Your assignment –
Take the listing below and print exactly the lines starting at the line containing "Мяснота: a butcher" and ending at the line containing "Buy Generic 3pcs", both ends included, and no others.

Data listing –
# # # # # # #

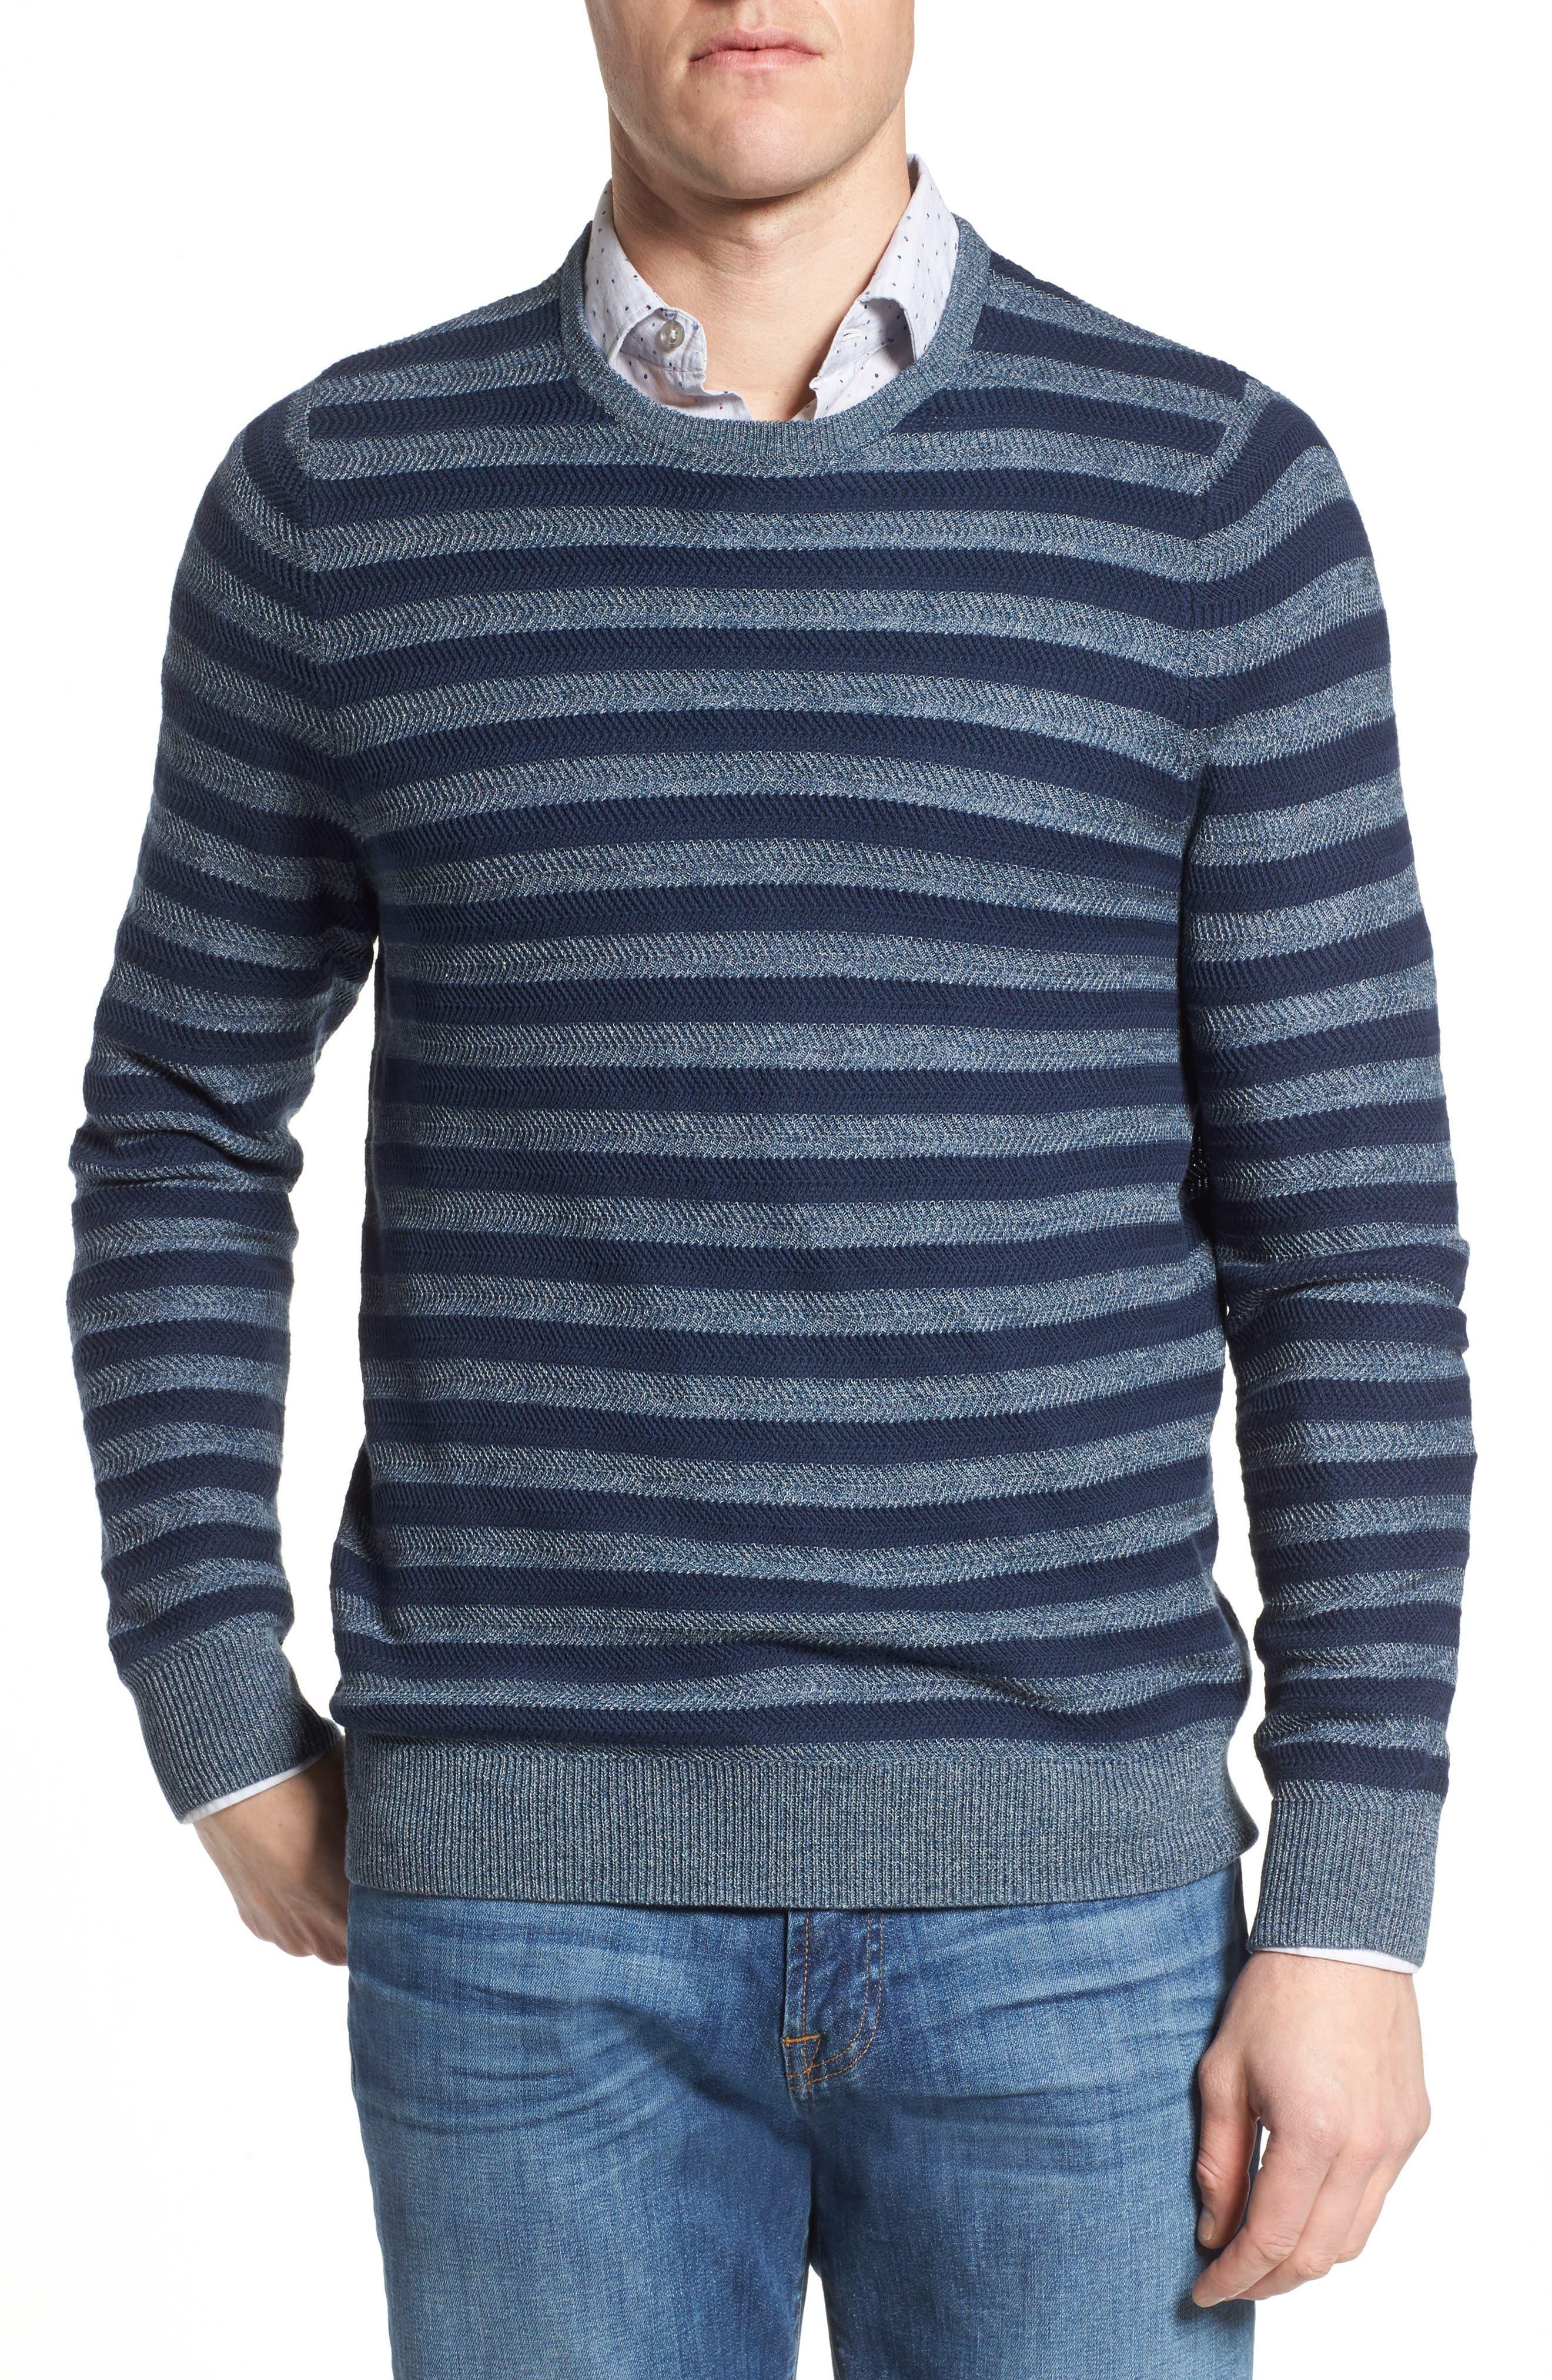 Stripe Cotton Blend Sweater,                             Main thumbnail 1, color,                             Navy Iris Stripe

# # # # # # #

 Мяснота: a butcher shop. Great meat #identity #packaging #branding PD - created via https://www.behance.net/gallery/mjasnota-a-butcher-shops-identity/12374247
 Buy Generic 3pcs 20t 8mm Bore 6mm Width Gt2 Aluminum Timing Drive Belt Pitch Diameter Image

# # # # # # #

Task solution –
 Мяснота: a butcher shop. Great meat #identity #packaging #branding PD - created via https://www.behance.net/gallery/mjasnota-a-butcher-shops-identity/12374247
 Buy Generic 3pcs 20t 8mm Bore 6mm Width Gt2 Aluminum Timing Drive Belt Pitch Diameter Image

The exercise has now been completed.